- WORK INSTRUCTIONS: From the records below, please print only the lines from the one containing "Pokemon Pokemon Ultra" through the one containing "Eat Blueberries for Colon Health", both included. Skip the pictures.

- INPUT RECORDS:

::::

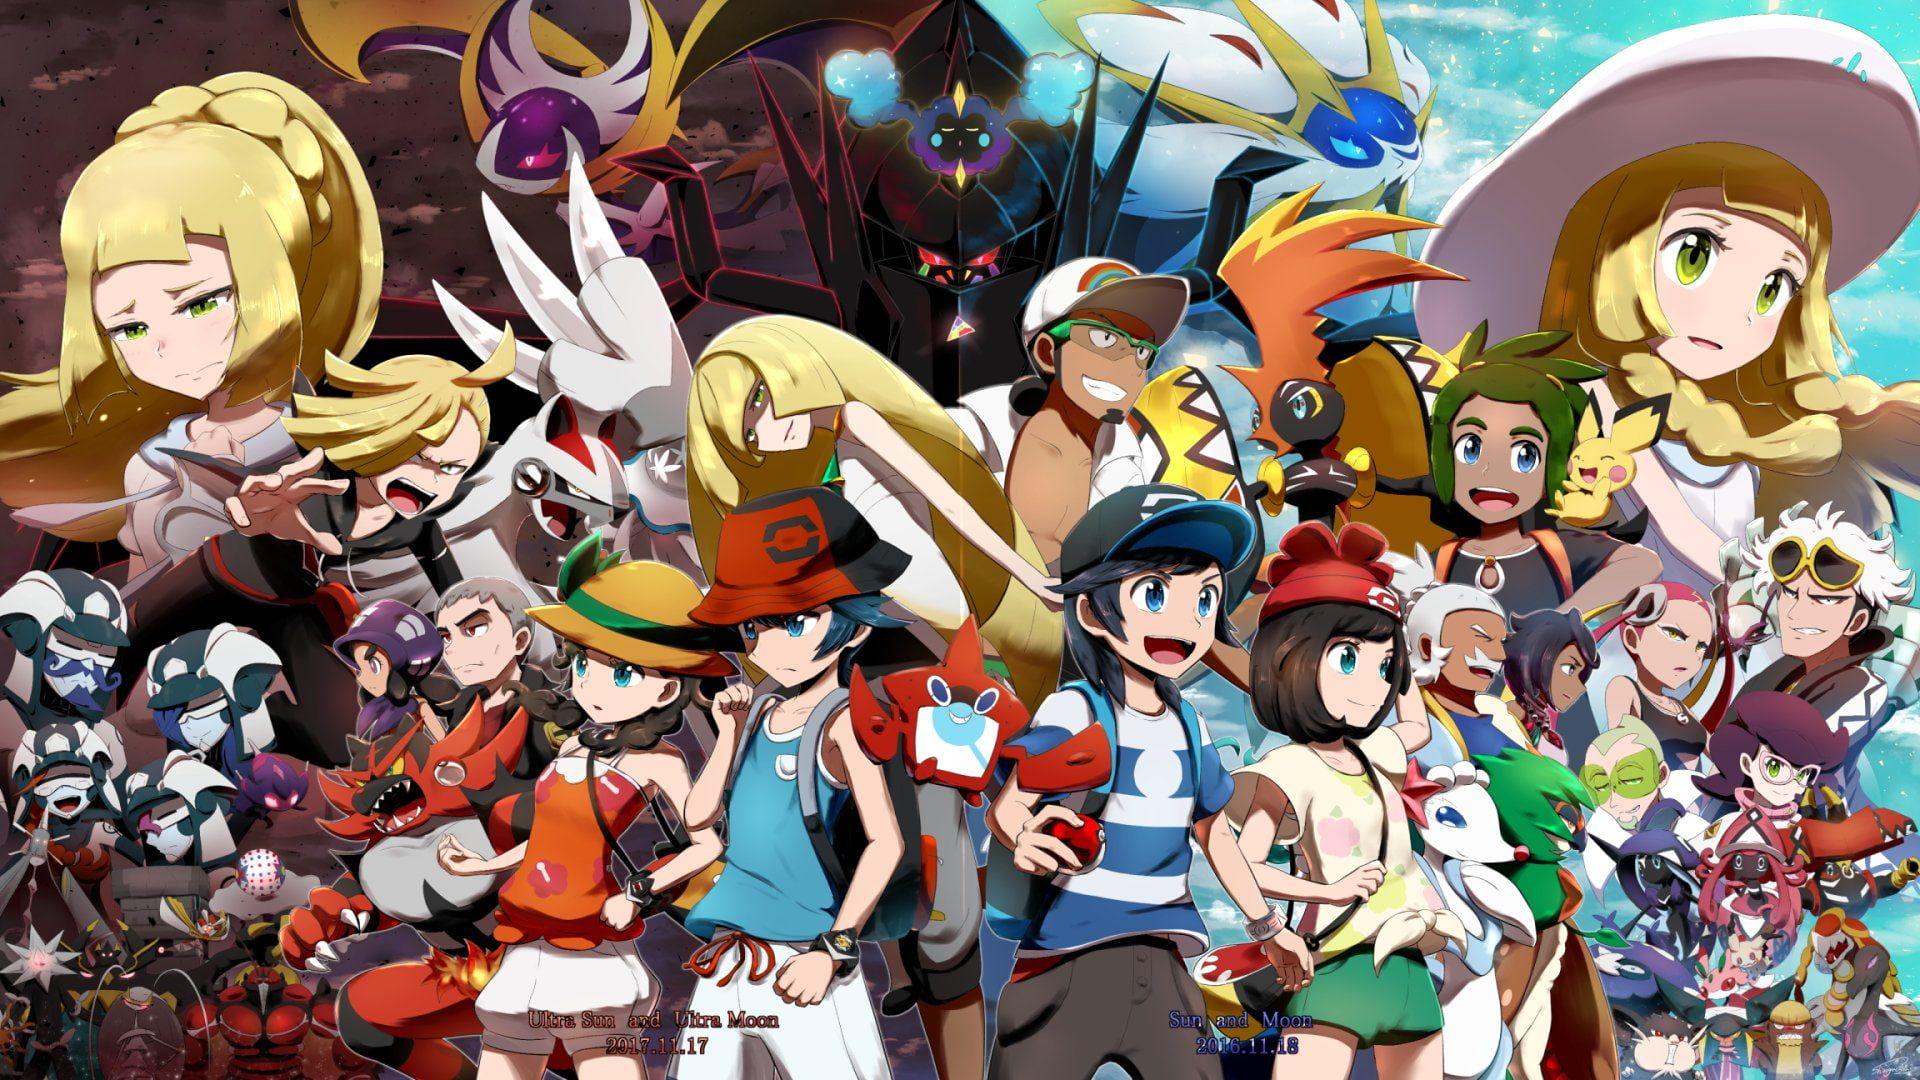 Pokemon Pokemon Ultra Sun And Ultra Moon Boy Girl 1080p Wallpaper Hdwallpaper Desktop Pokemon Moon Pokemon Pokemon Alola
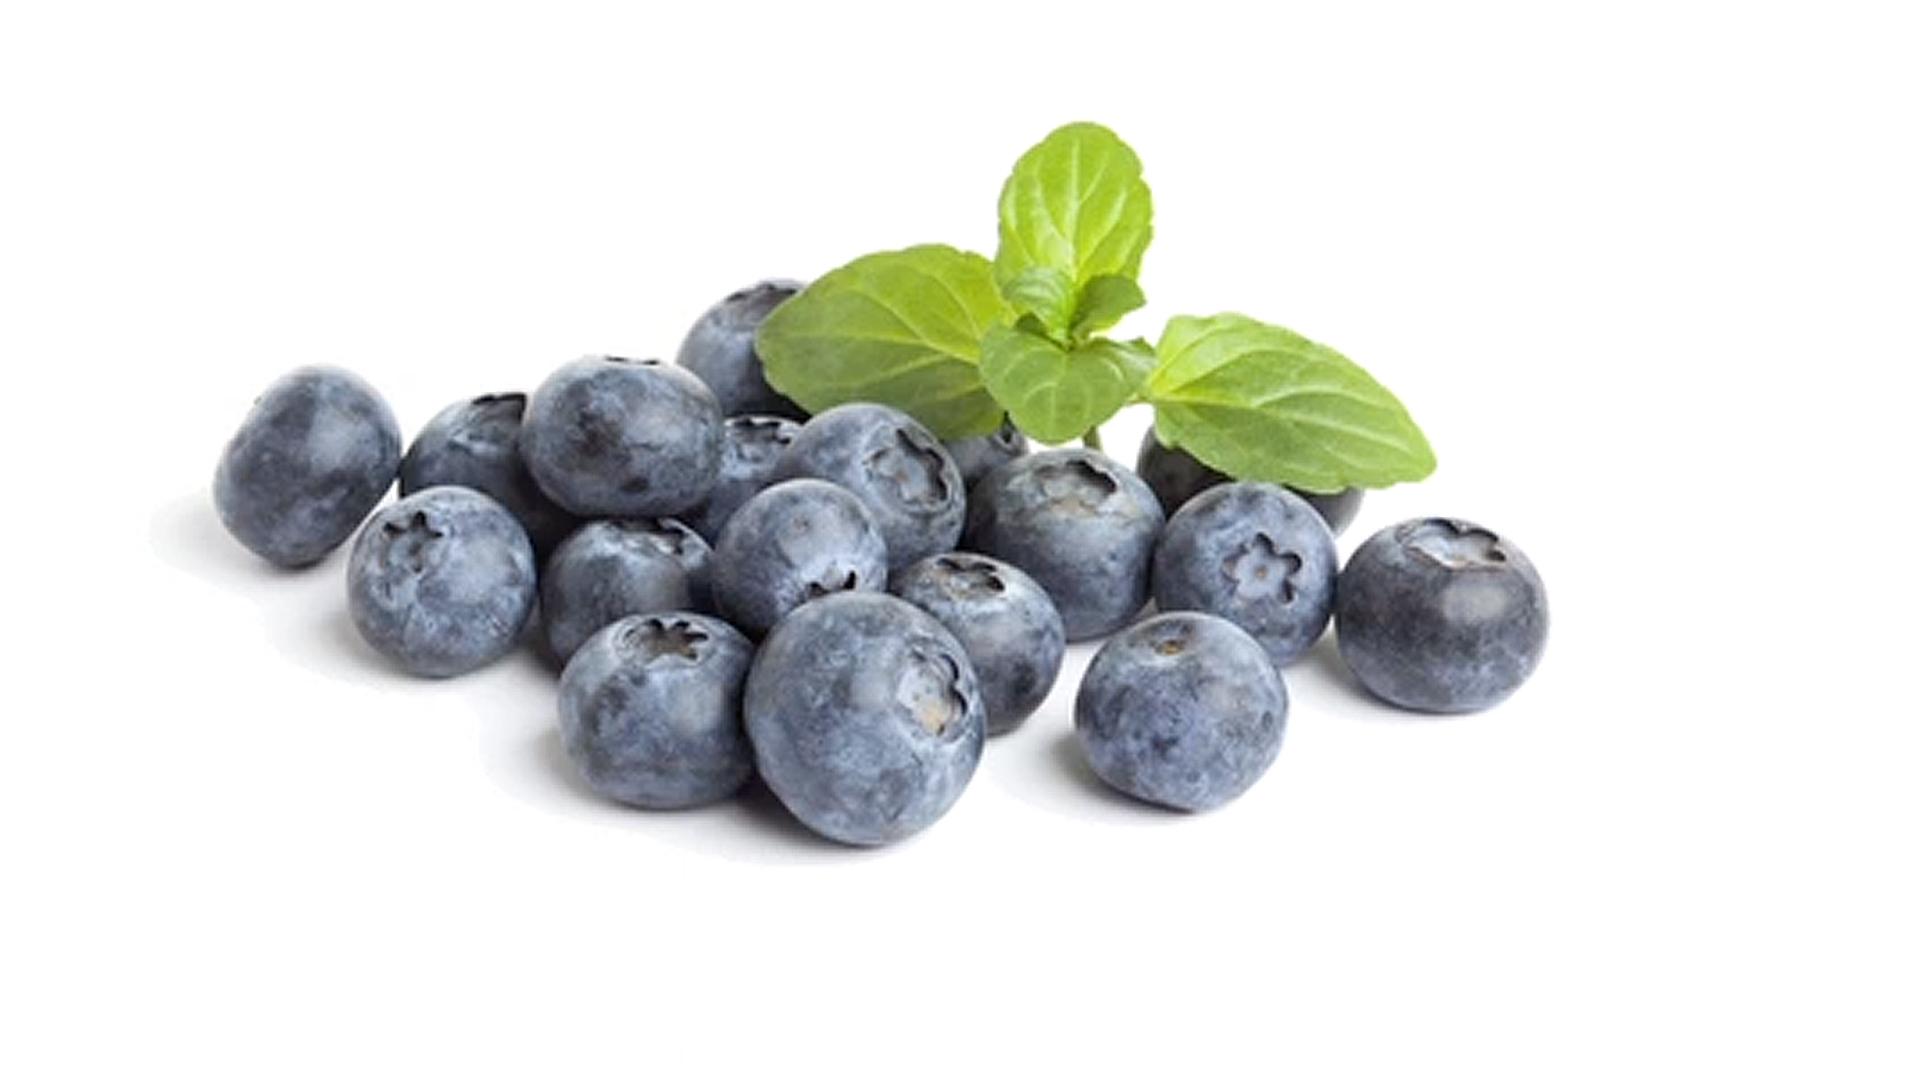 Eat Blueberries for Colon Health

::::

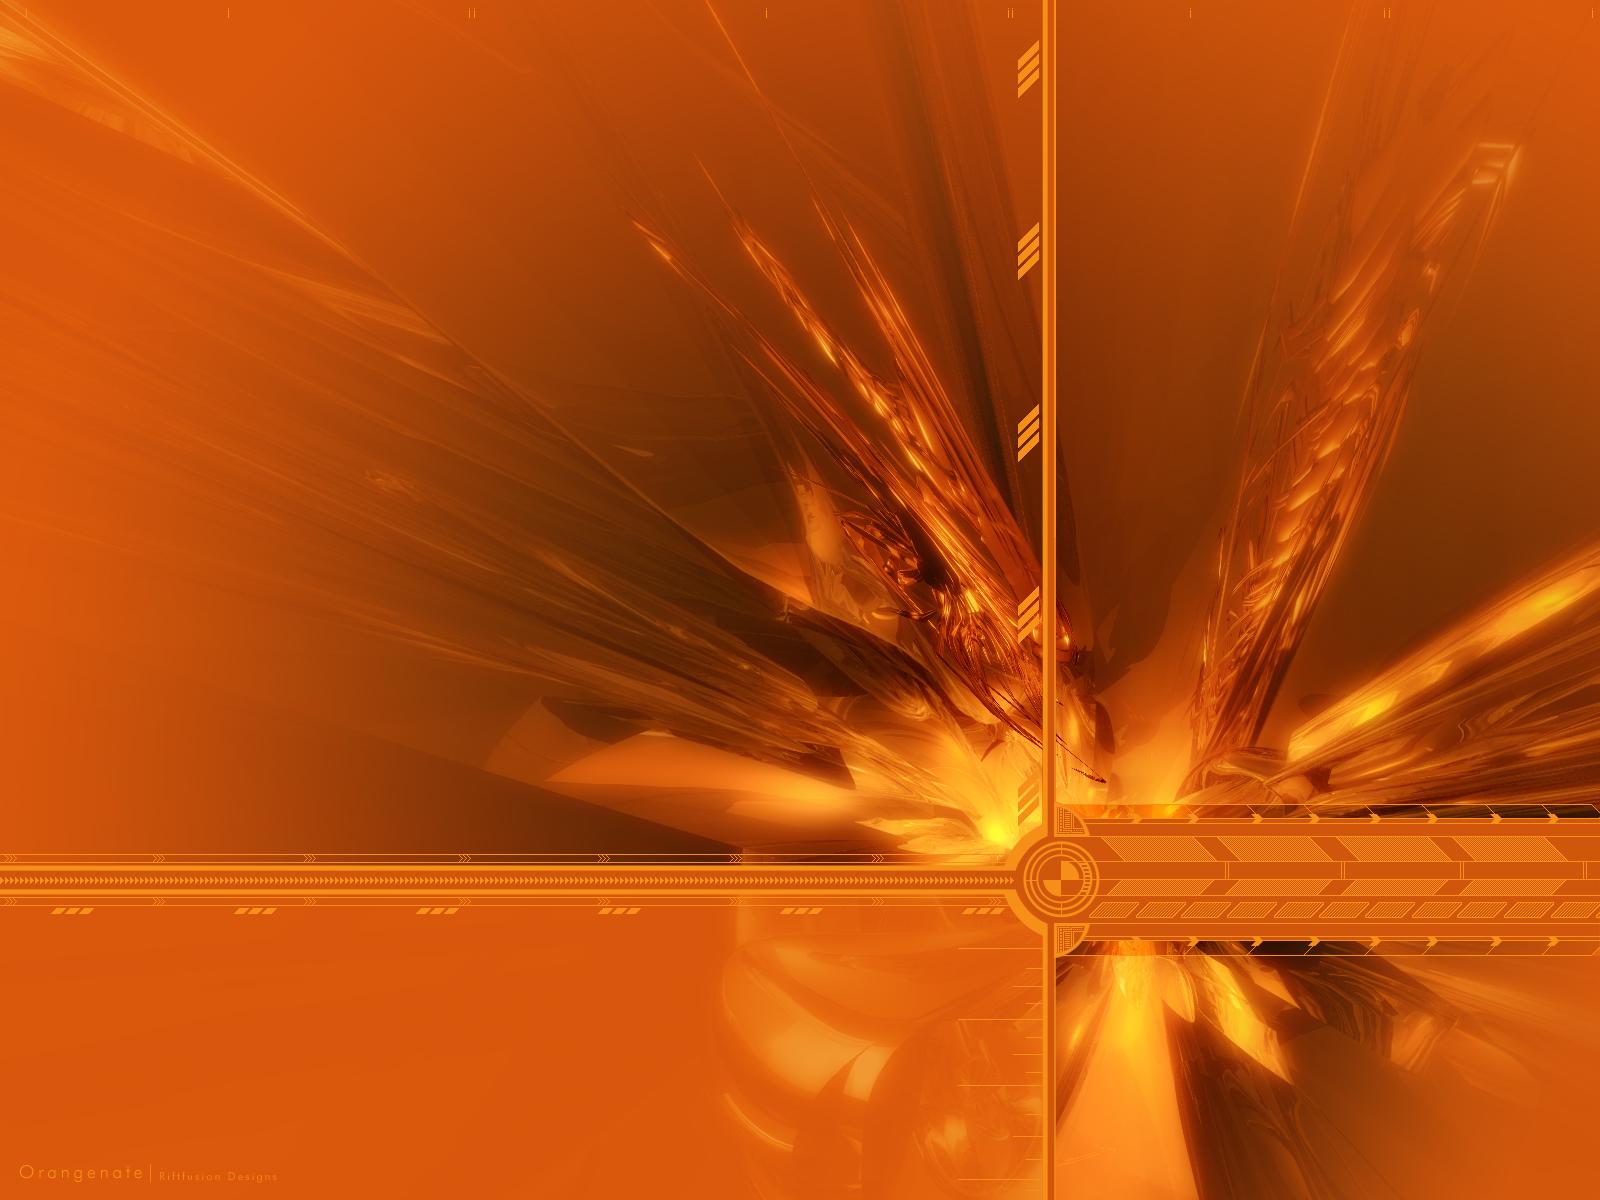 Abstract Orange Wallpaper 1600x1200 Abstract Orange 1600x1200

::::

- RESPONSE TO THIS EXERCISE:
 Pokemon Pokemon Ultra Sun And Ultra Moon Boy Girl 1080p Wallpaper Hdwallpaper Desktop Pokemon Moon Pokemon Pokemon Alola
 Eat Blueberries for Colon Health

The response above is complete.